After executing the above to create the function, here’s an example of usage:
rem
rem Script: clustering_factor_est_2.sql
rem Author: Jonathan Lewis
rem Dated: Oct 2019
rem
rem Last tested
rem 19.3.0.0
rem 12.2.0.1
rem

create table t1
as
with generator as (
select
rownum id
from dual
connect by
level <= 1e4 – > comment to avoid WordPress format issue
)
select
rownum id,
cast(rownum as varchar2(10)) v1,
trunc(dbms_random.value(0,10000)) rand,
rpad(‘x’,100,‘x’) padding
from
generator v1,
generator v2
where
rownum <= 1e6 – > comment to avoid WordPress format issue
/

SQL> execute dbms_output.put_line('Predicted cf for t1(rand, id): ’ || predict_clustering_factor(‘t1’,‘rand, id’,16))
Predicted cf for t1(rand, id): 997218
Elapsed: 00:00:07.54

SQL> execute dbms_output.put_line('Predicted cf for t1(rand, id): ’ || predict_clustering_factor(‘t1’,‘rand, id’,255))
Predicted cf for t1(rand, id): 985607
Elapsed: 00:00:50.61

You’ll notice that the larger the setting for the “table_cached_blocks” parameter the more time it takes to predict the clustering_factor – and it was all CPU time in my example.
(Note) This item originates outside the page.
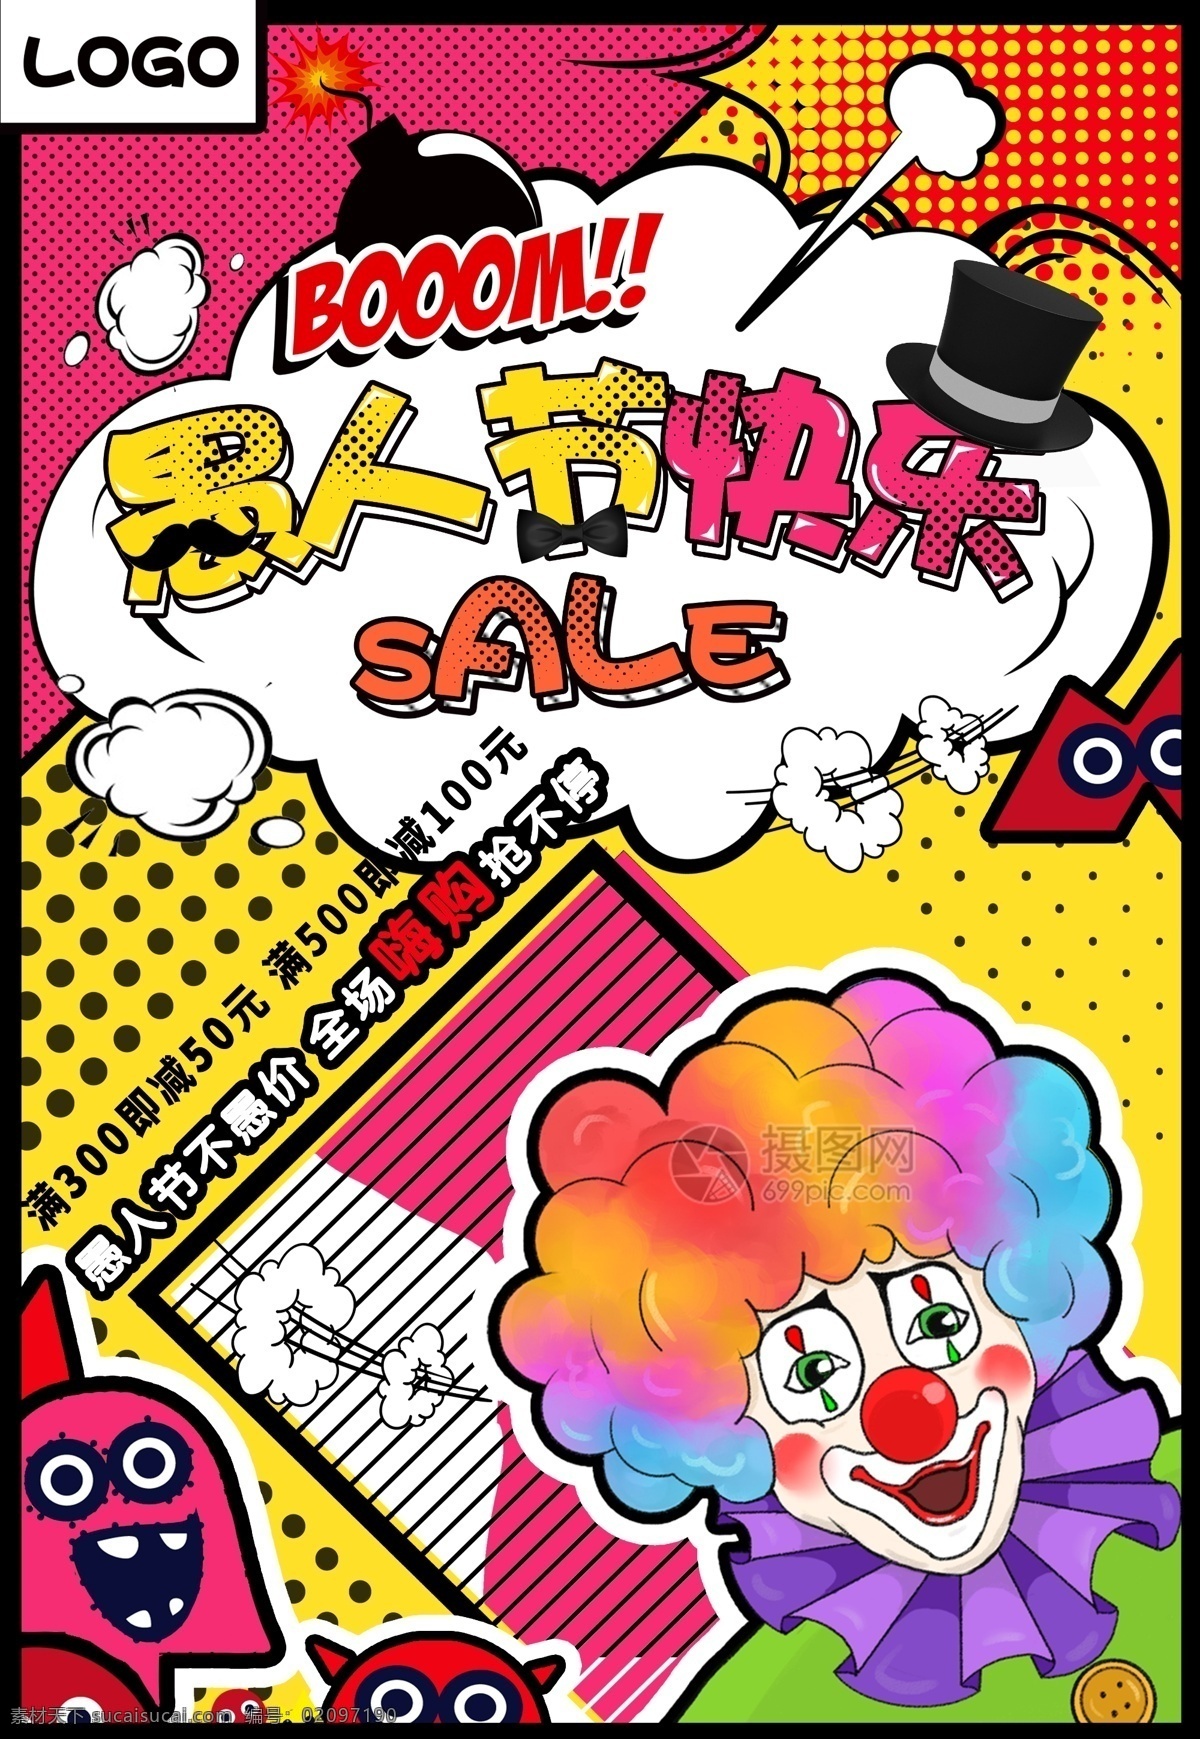 手绘 创意 愚人节 海报 炸弹 插画 小丑 搞笑 宣传 促销海报 孟菲斯
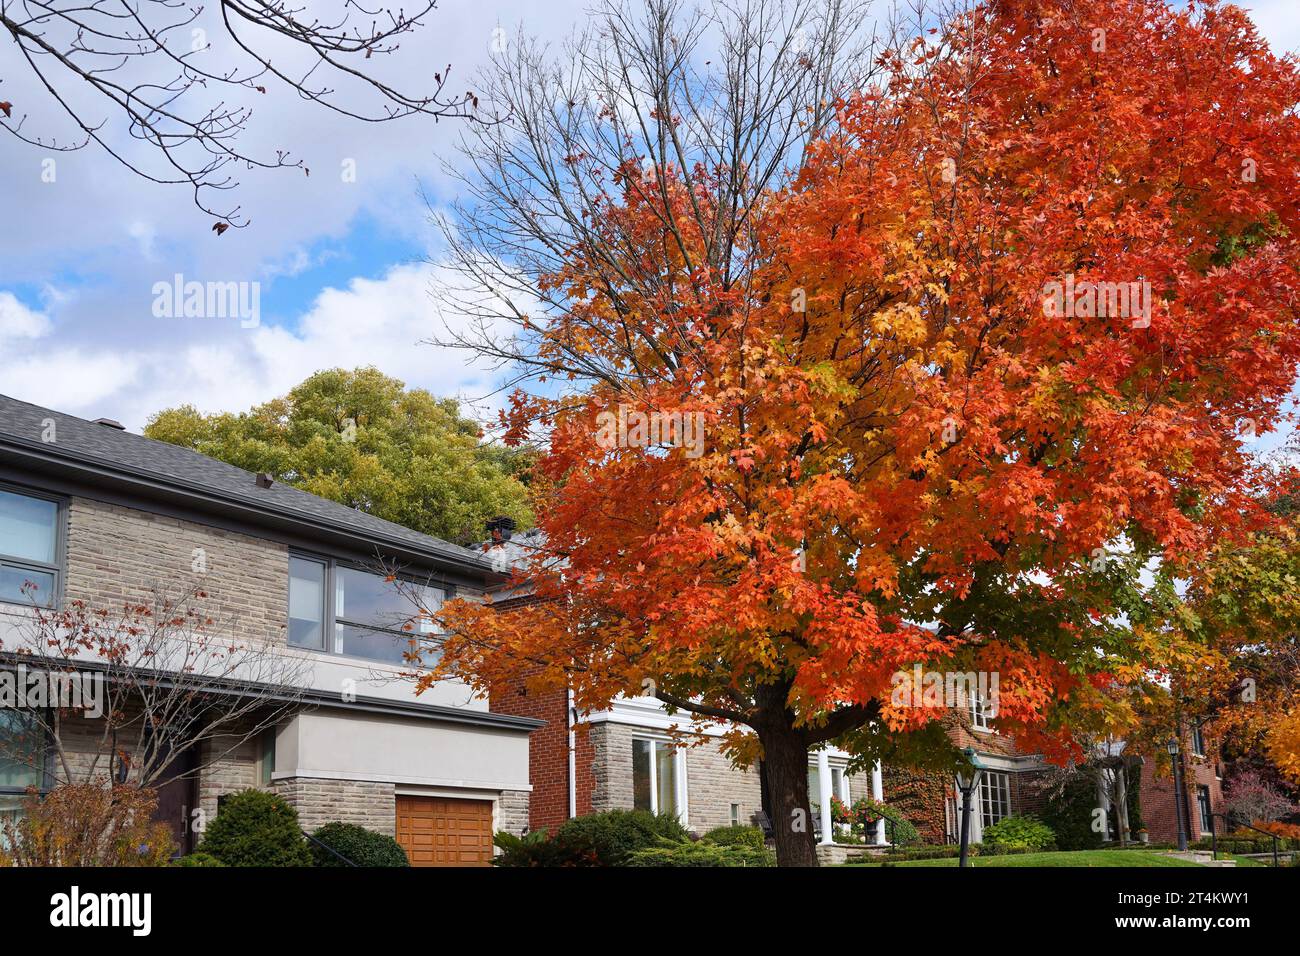 Rue résidentielle avec érable dans des couleurs vives d'automne Banque D'Images

This isn;t surprising given the need to search through an array holding the previous history. In this example the table t1 holds 1,000,000 rows, and the number and scatter of distinct values is so arranged that the code will hardly ever find a cached block id – essentially it’s the sort of index that isn’t going to cause much of confusion to the optimizer and isn’t likely to need special attention to make the optimizer use it when it should and ignore it when it’s inappropriate.
Finally a cut-n-paste to show the accuracy of the two predictions:
SQL> create index t1_i on t1(rand, id);
Elapsed: 00:00:02.96

SQL> execute dbms_stats.set_table_prefs(null,‘t1’,‘table_cached_blocks’,16)
Elapsed: 00:00:00.01

SQL> execute dbms_stats.gather_index_stats(null,‘t1_i’)
Elapsed: 00:00:09.55

SQL> select clustering_factor from user_indexes where index_name = ‘T1_I’;

CLUSTERING_FACTOR

       997218

Elapsed: 00:00:00.11

SQL> execute dbms_stats.set_table_prefs(null,‘t1’,‘table_cached_blocks’,255)
Elapsed: 00:00:00.01

SQL> execute dbms_stats.gather_index_stats(null,‘t1_i’)
Elapsed: 00:00:07.80

SQL> select clustering_factor from user_indexes where index_name = ‘T1_I’;

CLUSTERING_FACTOR

       985607

Elapsed: 00:00:00.00

Both match perfectly – but you might notice that creating the index and gathering the stats was much faster than predicting the clustering factor for the case where we set table_cached_blocks = 255.